I wish you luck in your bid to be on Top Model and hope you get the chance to kick some ass on the show! LOL




Britannia said:


> Actually, yes. The auditions for Top Model are next month, and I feel very strongly about the size acceptance movement. If I do end up being selected, I'm sure there will be moments in the House where girls hurl fat-related insults (like Bianca last season: "You're borderline plus size... go look at your thighs!") and while I already know that I won't be tolerant of such bullshit, I wanted to discuss this with everyone here before really using my possible position to advocate size acceptance. I just don't want to make any faux pas, and having everyone else's opinions always helps.
> 
> Thank you guys for your input so far


----------



## Jon Blaze (Feb 28, 2008)

Britannia said:


> Actually, yes. The auditions for Top Model are next month, and I feel very strongly about the size acceptance movement. If I do end up being selected, I'm sure there will be moments in the House where girls hurl fat-related insults (like Bianca last season: "You're borderline plus size... go look at your thighs!") and while I already know that I won't be tolerant of such bullshit, I wanted to discuss this with everyone here before really using my possible position to advocate size acceptance. I just don't want to make any faux pas, and having everyone else's opinions always helps.
> 
> Thank you guys for your input so far



Then HOT DAMN!! If you reach success with your modeling and advocation, then NAAFA going to be bowing to your skills!! 
If I could do the same thing with my fitness and martial arts aspirations (With a little HAES flavor in the middle ), I would be a happy man. 

Good luck! :bow:


----------



## Jon Blaze (Feb 28, 2008)

Spanky said:


> I purposely use "full figured" since SSBBW probably has not been accepted in much of society through history. But many/most of the women here would have been looked upon differently, maybe judged differently than a century ago.

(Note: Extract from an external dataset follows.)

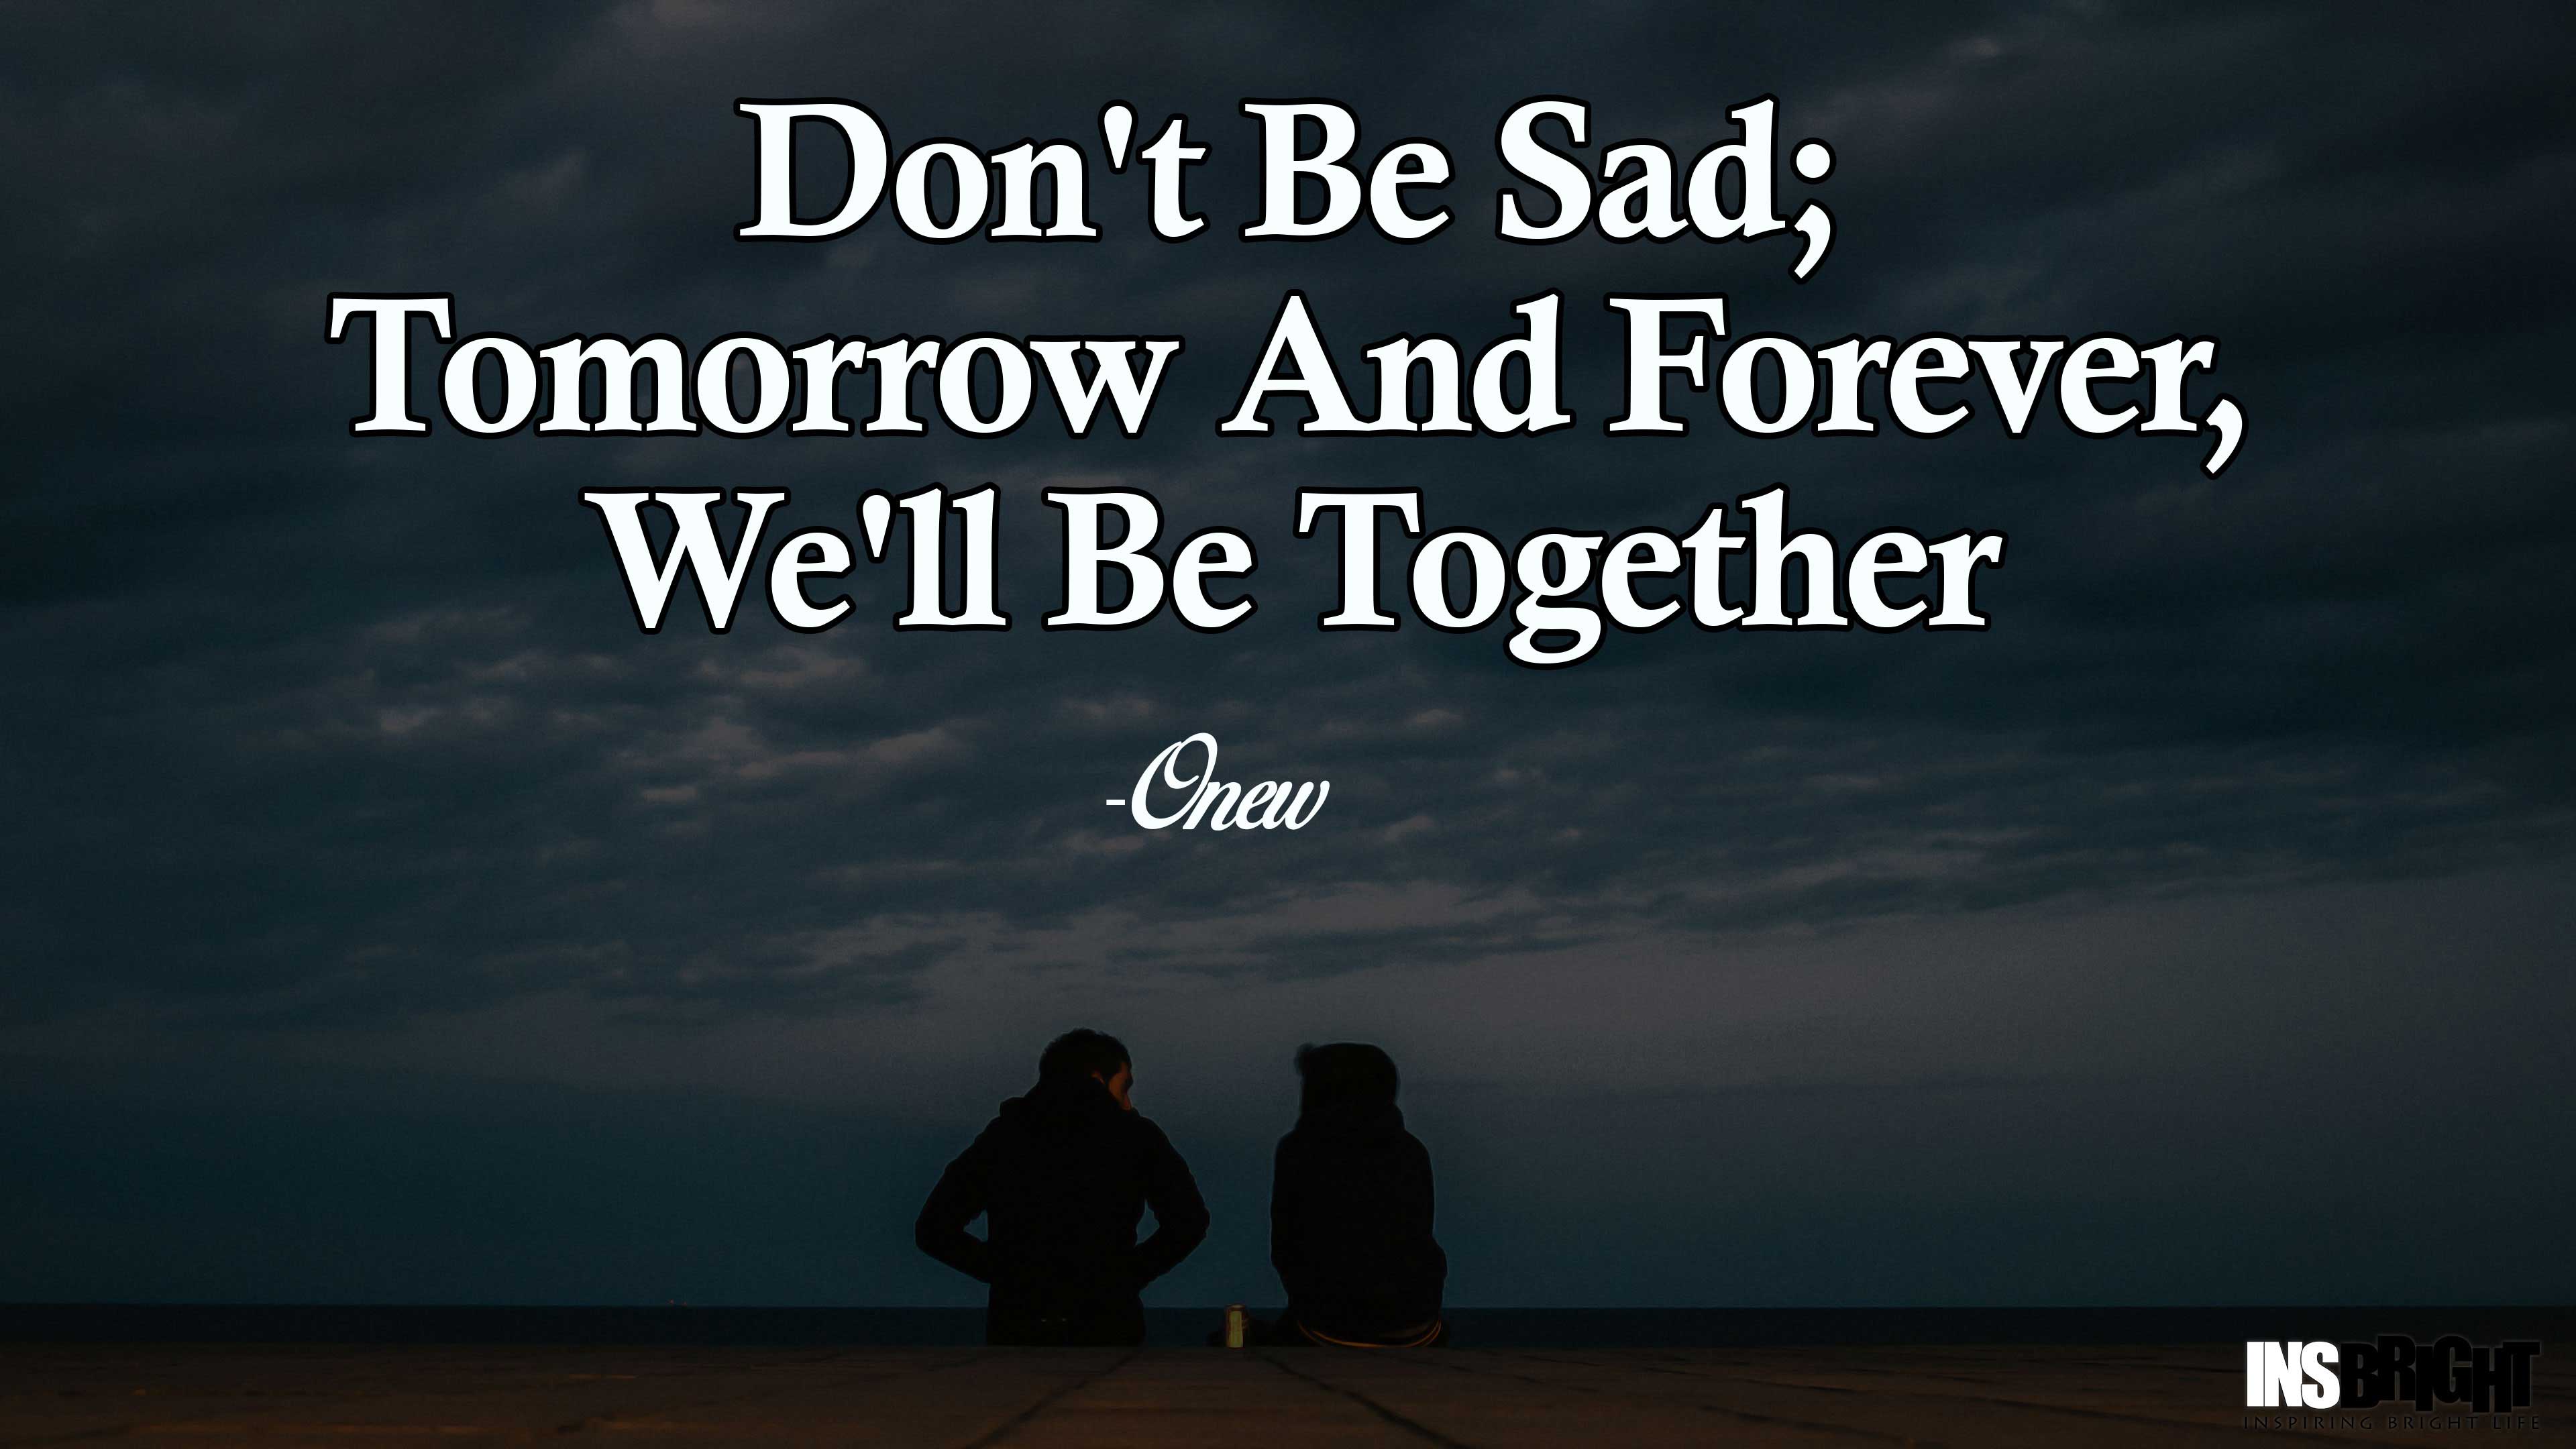 14+ Inspirational Don't Be Sad Quotes Images | Insbright

Agreed, and realistically most cultures through history thought of it as a sign of at least wealth and prosperity. To really go deep with the sexuality and fertility side of it (Even though extra subcutaneous fat to some degree is a secondary sexual characteristic of women), some did and some don't. You'd have to analyze culutre by culture really (South America versus Europe for example), and there's a few left that still think more = more. 

I think it's pretty far fetched to say a figure like the Venus of Willendorf was concieved randomnly, unlike the Greeks and Roman who illustrated images of their gods and goddesses out of human molds like themselves. Somebody saw something in that bodytype... *Laughs*


----------



## LoveBHMS (Feb 28, 2008)

I'd have to say that part of it depends both on your mindset and how you present whatever ideas you have.

Allies in any civil rights movement are important. OTOH, i'd say you still need a sensitivity and awareness that you have not walked in somebody else's shoes. Before I started reading Dims I thought of "fat" as "bigger size than i wished i was." I never thought about worrying over fitting into airline seats or needing a seat belt extender in a car; those things were just never part of my personal experience. Same as a parent of a heterosexual will never have right wingers picket their child's funeral and a white person won't be called "******". I personally support gay rights, but i'm totally aware that i will always be able to walk down any street in America with a person to whom i am sexually attracted and never have rocks thrown at me. Not the same for a homosexual person.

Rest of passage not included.